Signal 5 — Confidentialité des comptes (10 %, signal négatif)
Une PME en confidentialité totale (ni bilan ni compte de résultat publié) est plus difficile à scorer, et plus risquée à approcher en aveugle. Ce signal est inversé : il retire jusqu'à 10 points au score quand la confidentialité est totale, 5 points quand elle est partielle (bilan publié mais pas le CR), 0 quand tout est publié.
Pourquoi seulement 10 % ? Parce qu'une PME confidentielle reste un actif potentiel. C'est un coût de friction sur le sourcing, pas un disqualifiant.
La note de confiance, qui module l'ensemble
Au-dessus du score, chaque cible porte une note de confiance globale : high, partial, ou low.
- High : âge dirigeant haute confiance, comptes publiés, BODACC riche.
- Partial : un des trois est dégradé (typiquement âge medium, ou comptes confidentiels mais BODACC riche).
- Low : deux ou trois facteurs dégradés. Le score est conservé, mais l'opérateur sait qu'il navigue à l'estime.
L'idée est qu'un score de 78 high vaut beaucoup plus qu'un score de 84 low.
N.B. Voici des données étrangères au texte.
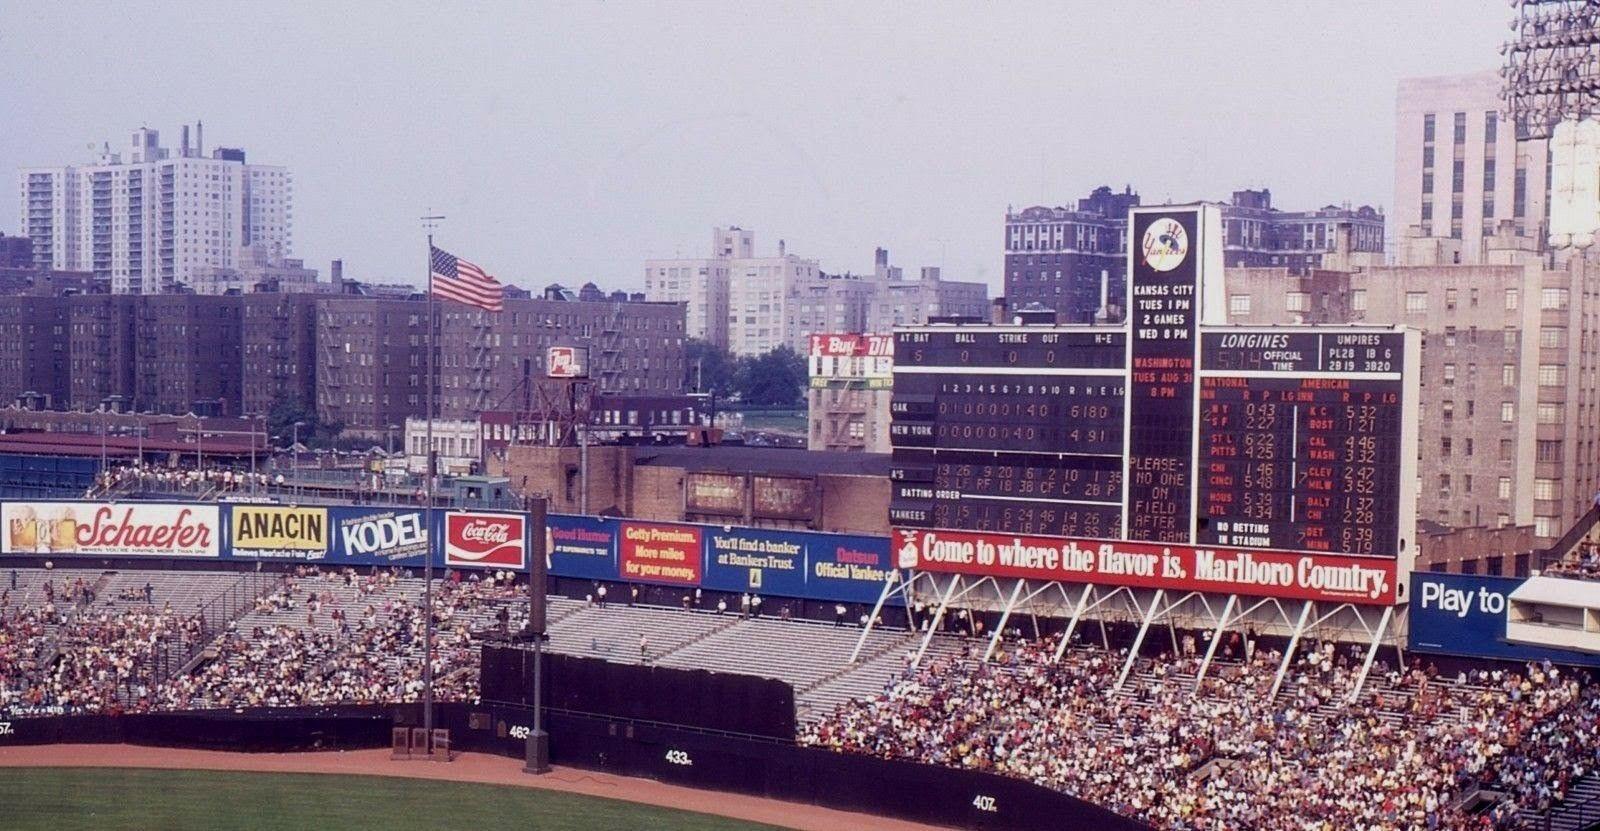 Pre Renovations Original Yankee St Dm Bronx N Y City N Y During 1971 M L B Season Date Game That Above Photo Was Marlboro Country Season Dates Marlboro

La note de confiance fait partie du contrat de transparence. On préfère afficher un score modeste avec une confiance élevée plutôt qu'un score gonflé sur des données fragiles.
Ce que le score ne fait pas
Il ne dit pas qu'une PME est à vendre cette année. Il ne dit pas qu'elle vous écoutera. Il ne dit pas qu'elle correspond à votre thèse personnelle (taille de ticket, géographie de proximité, secteur que vous connaissez). Il dit : « parmi les 200 PME qui passent vos filtres, voici les 20 statistiquement les plus susceptibles d'être dans une fenêtre de transmission ». À vous d'apporter le reste : la conviction sectorielle, la qualité de l'approche, la capacité à closer.
Le score est un outil de priorisation. Pas un oracle.